• **About this exercise**
Only the lines below starting at the one that contains "Best things to" and ending at the one that contains "Passport Plaid Shirt Item" are to be reproduced, exactly and with both ends kept.

• **Supplied records**
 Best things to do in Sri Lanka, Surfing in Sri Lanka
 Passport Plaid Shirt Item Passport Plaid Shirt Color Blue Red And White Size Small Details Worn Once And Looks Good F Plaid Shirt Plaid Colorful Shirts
--
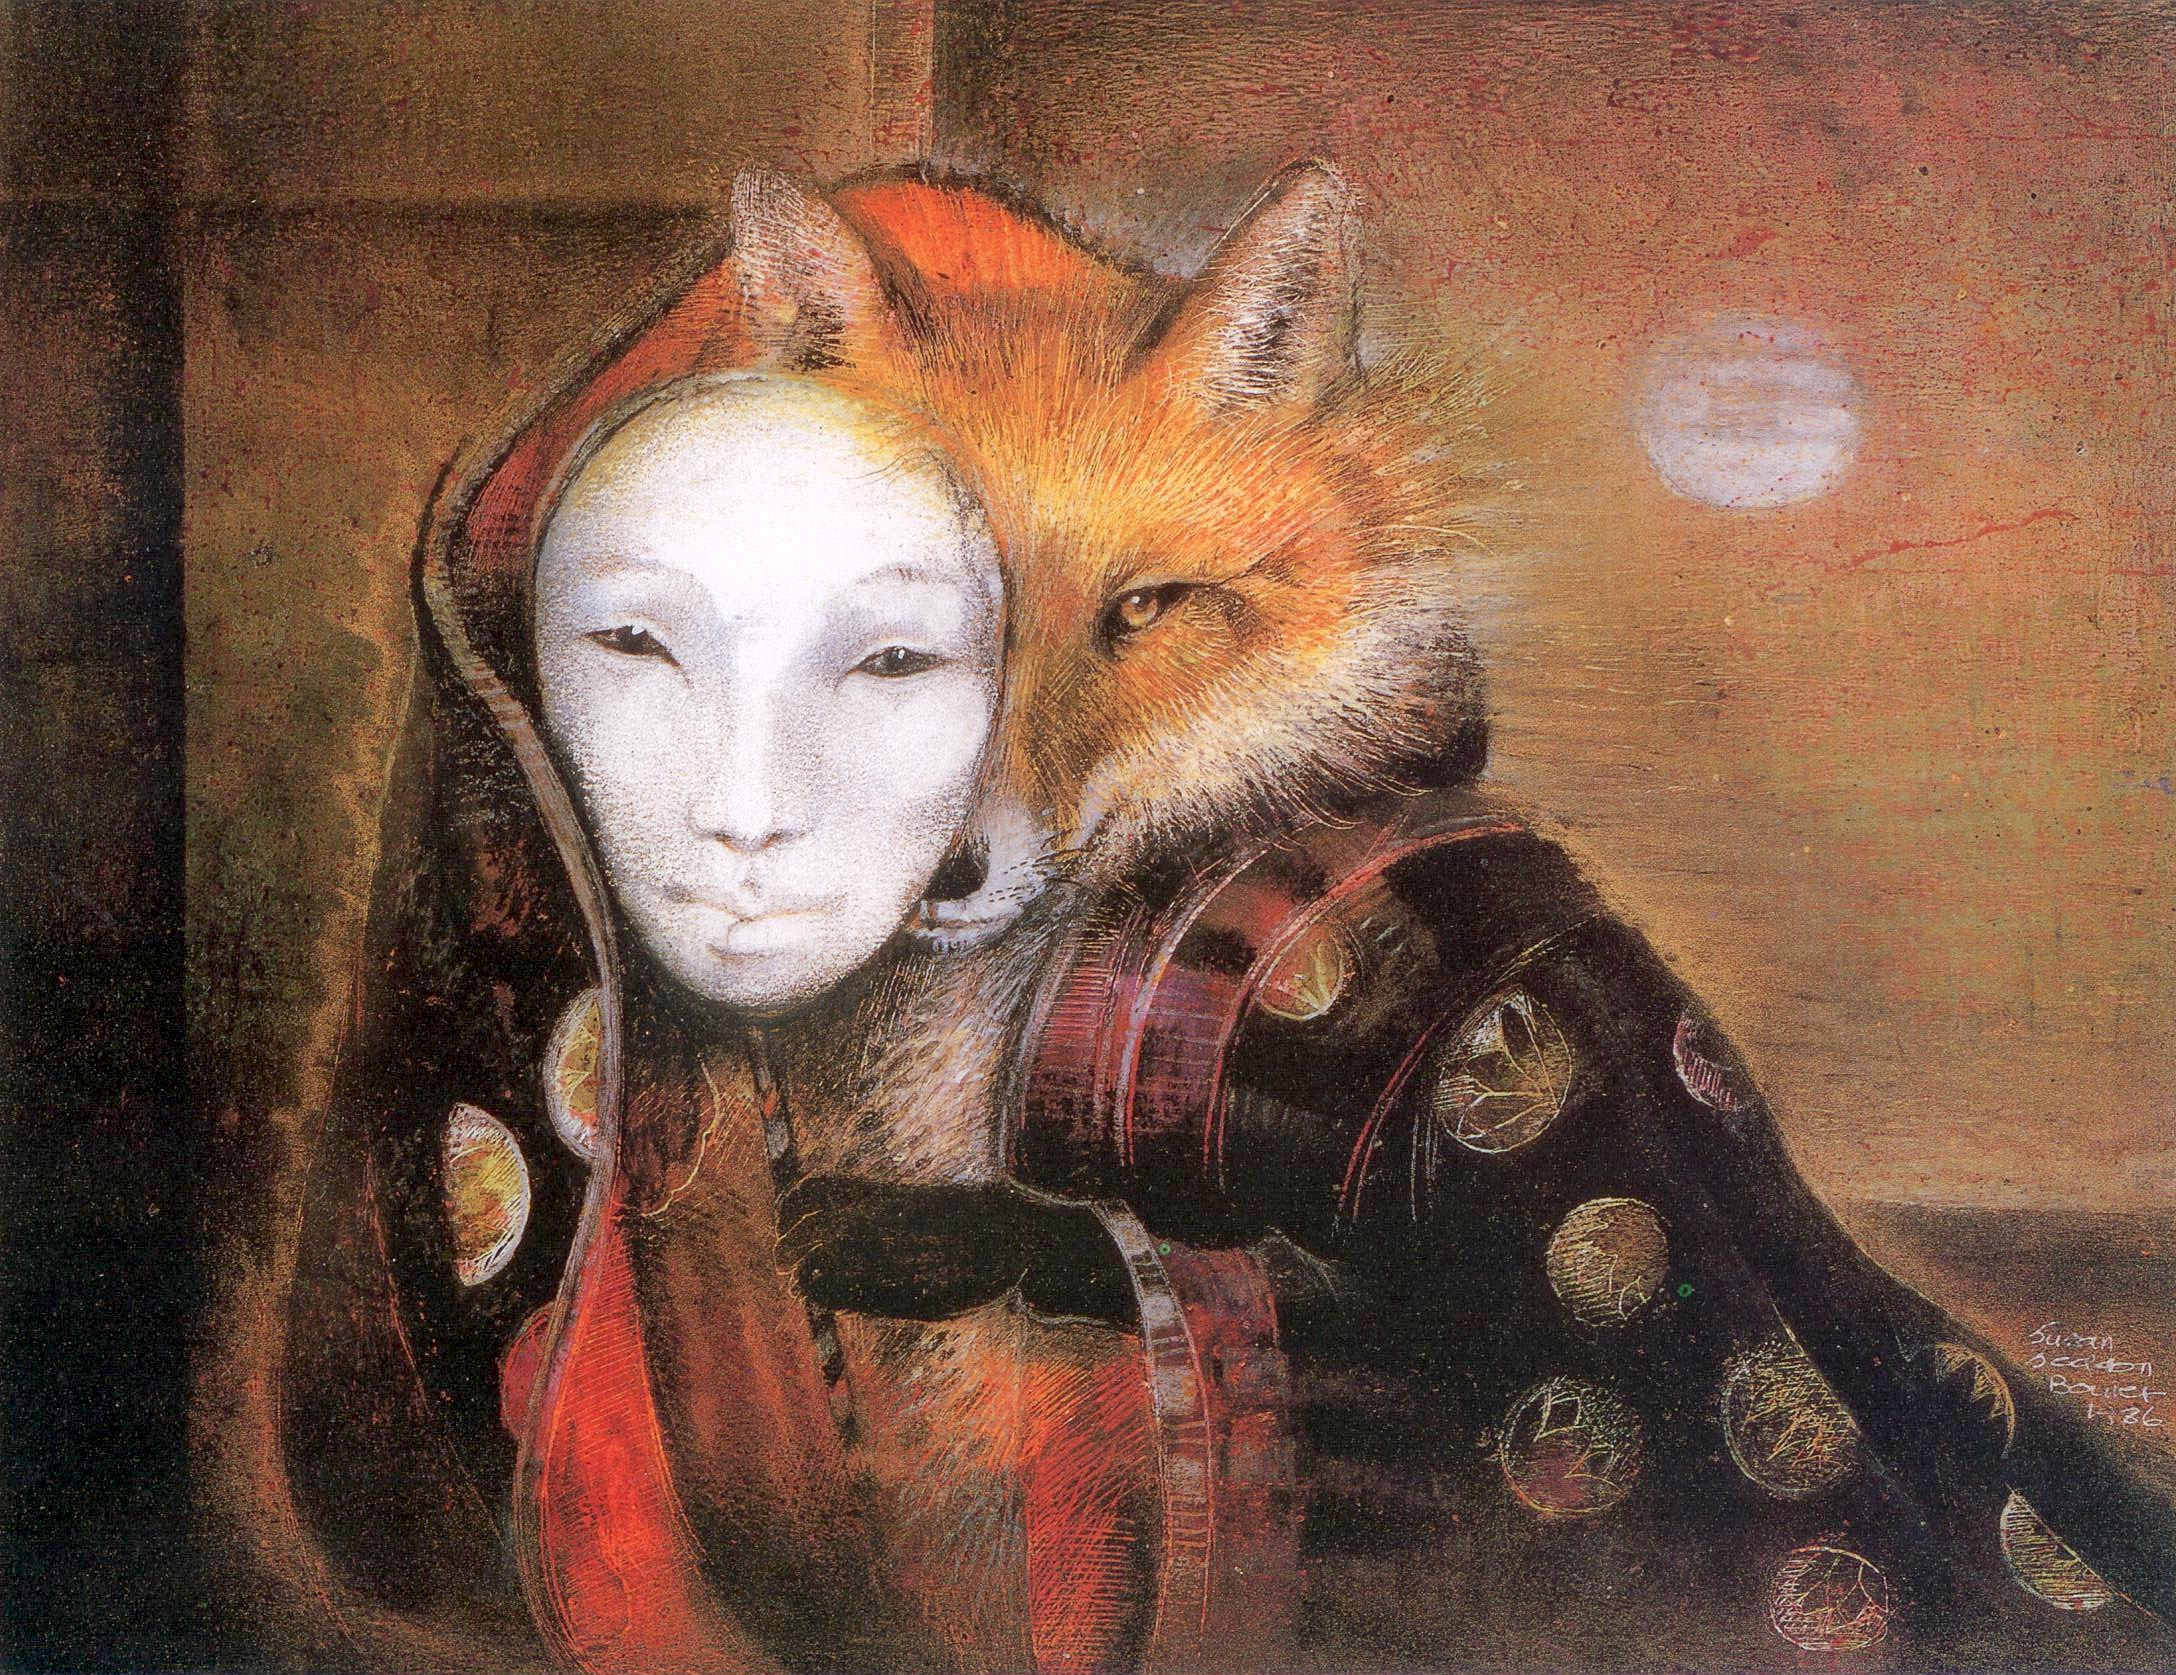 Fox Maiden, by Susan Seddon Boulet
==
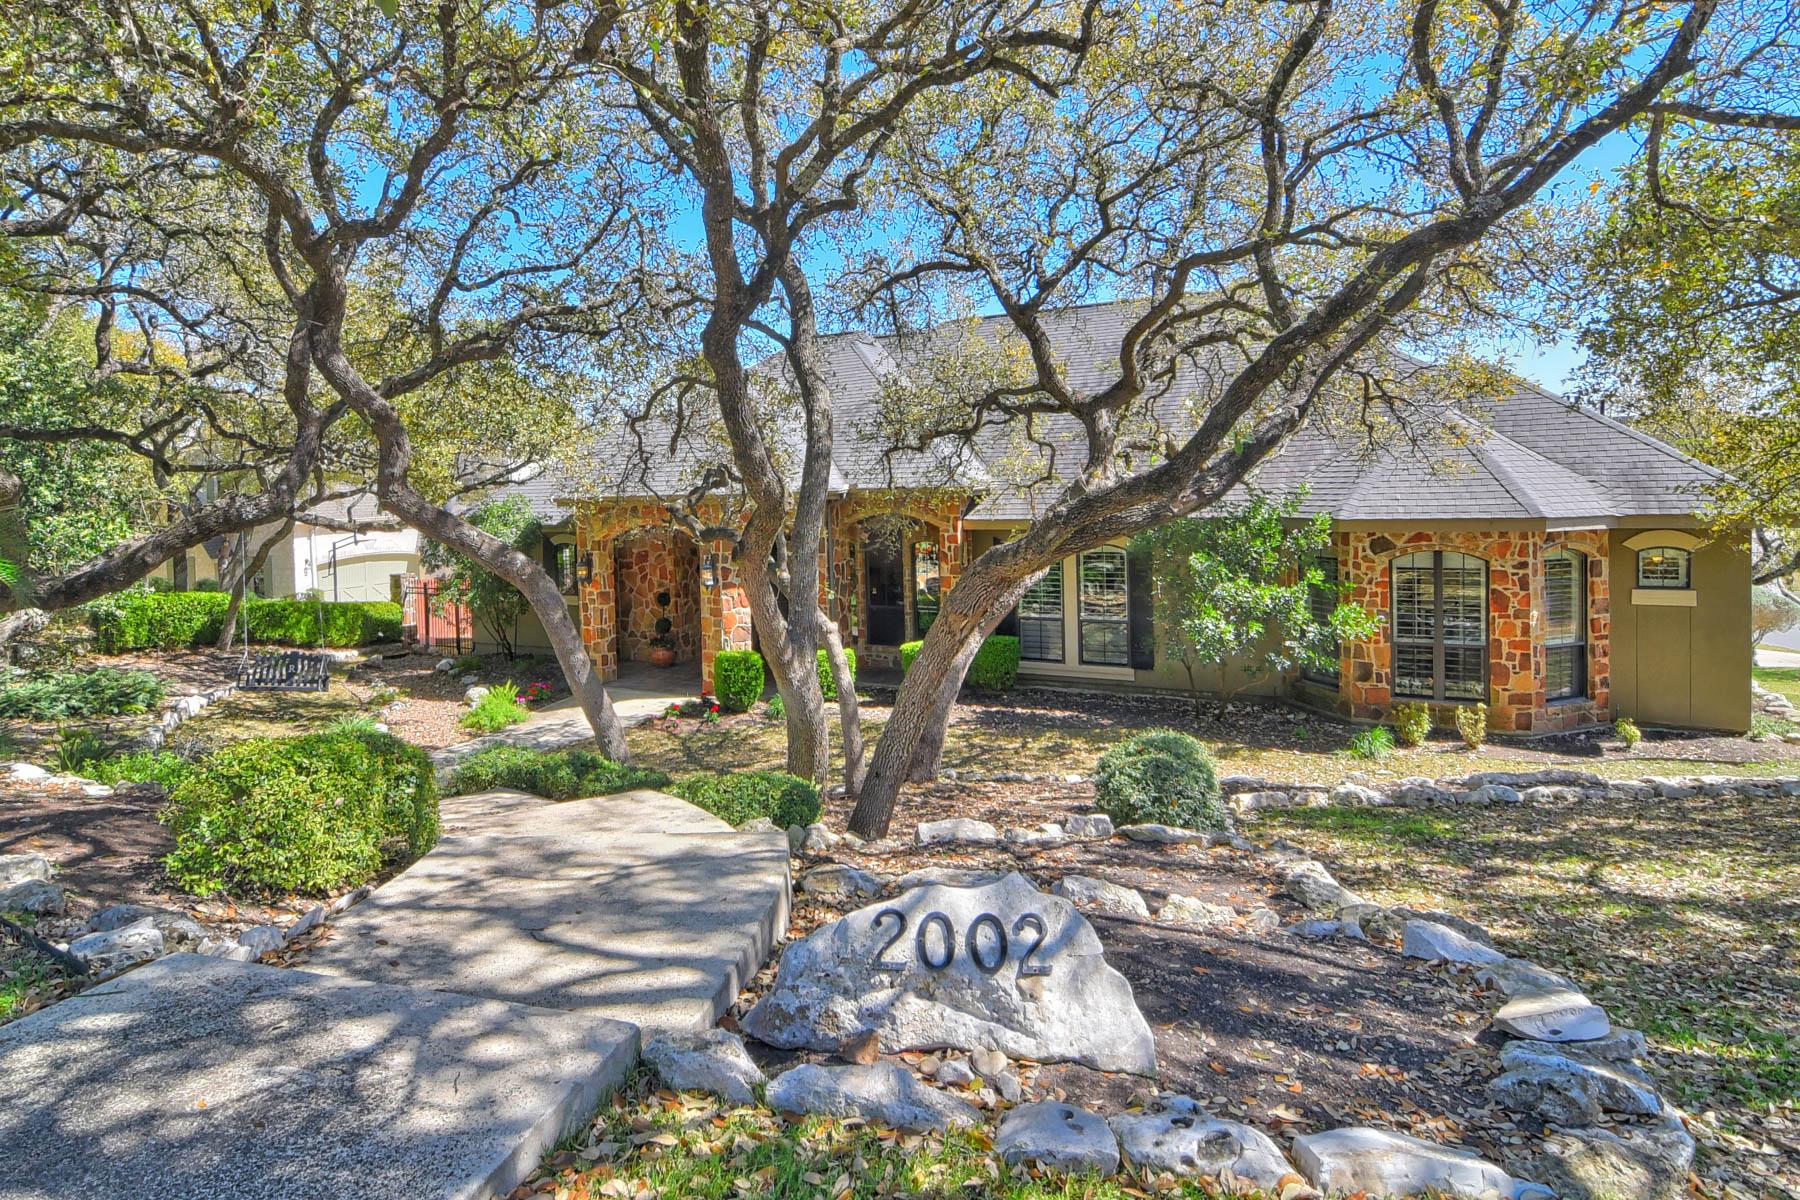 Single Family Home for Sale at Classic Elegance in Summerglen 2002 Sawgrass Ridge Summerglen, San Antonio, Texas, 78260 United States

• **Task result**
 Best things to do in Sri Lanka, Surfing in Sri Lanka
 Passport Plaid Shirt Item Passport Plaid Shirt Color Blue Red And White Size Small Details Worn Once And Looks Good F Plaid Shirt Plaid Colorful Shirts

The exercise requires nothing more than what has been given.